A Not-So-Brief Thought on Zoning (2017) - allthings
https://medium.com/migration-issues/a-not-so-brief-thought-on-zoning-9b8cb1298de3
======
ThrustVectoring
The very most urban core is already dense enough with skyscrapers etc. What
zoning liberalization means is primarily two things:

1\. Upzone single-family housing with aggressive setbacks from the road and
neighbors with wall-to-wall three-story multiplexes.

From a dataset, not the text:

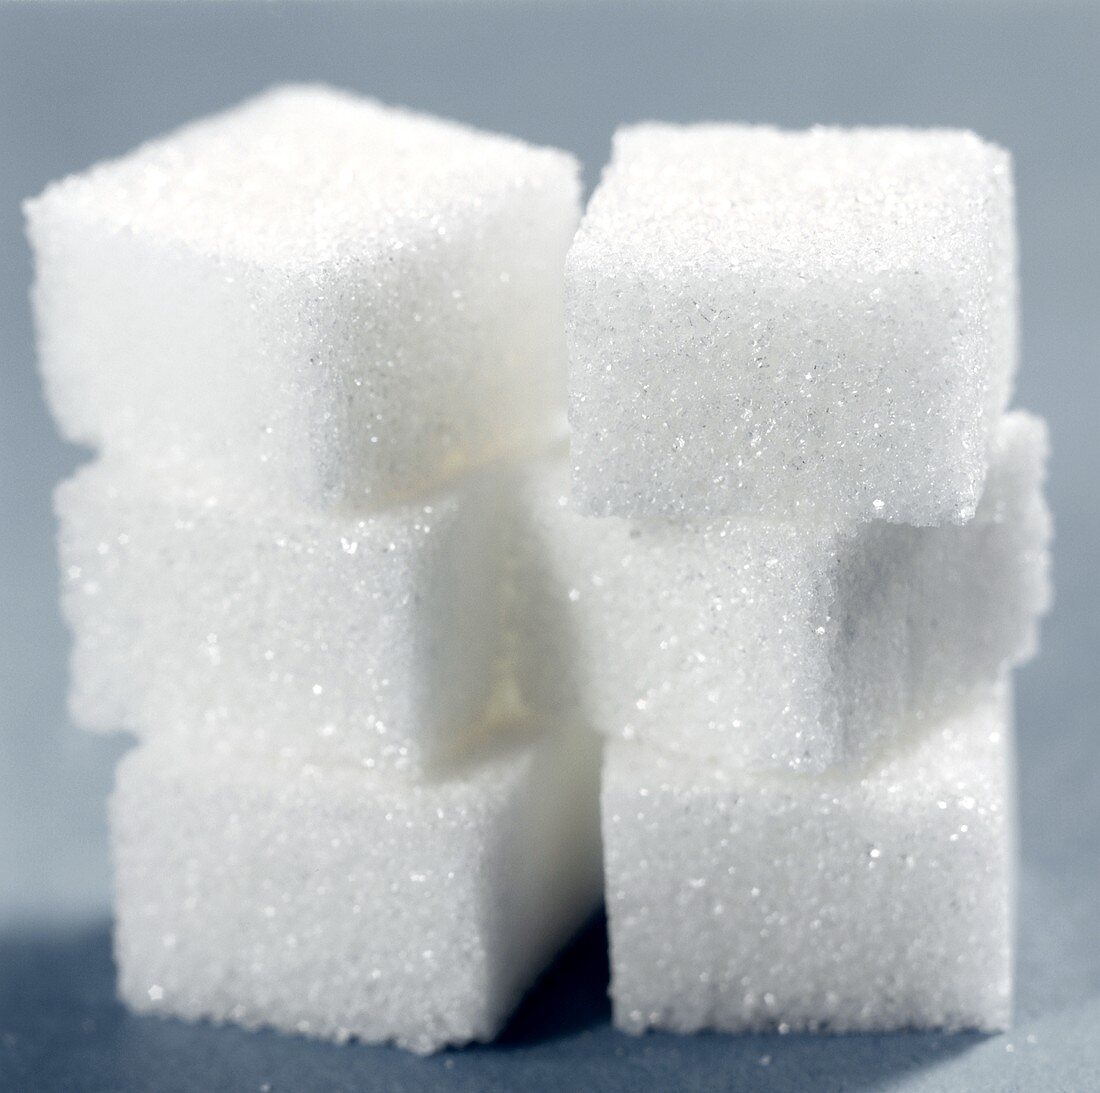 White Sugar Cubes

2\. Replace expensive community review processes that allow neighbors to
extort concessions out of developers with by-right zoning rules.

------
timerol
> I still think bulldozing 3% of a city’s built environment in 5 years time
> seems extremely unlikely, but YMMV.

Having the average age of replacement of a building be at 150 years old would
result in approximately 3% of the city being replaced every 5 years. That
seems a bit long to me, but within reasonable expectations. I would expect to
see more than 3% of the city replaced every 5 years.

------
pchristensen
This is a sloppy essay - it reads like the first draft of an idea. The facts
he cites are all true, but a lot of his conclusions are ... sloppy. But it
feels like a stream of consciousness, a devil's advocate argument with
himself, and it has a pretty good conclusion. I think most of the confusion
comes from people who say "zoning" to mean "structural restrictions on growth
in the housing supply", while he enumerates those structural restrictions.

Worth a read.

------
projektfu
The existence of zoning regulations before 1930 is sort of irrelevant because
they didn’t specify 20 ft setbacks and 1/3 acre lot minimums. Those came with
suburban planning.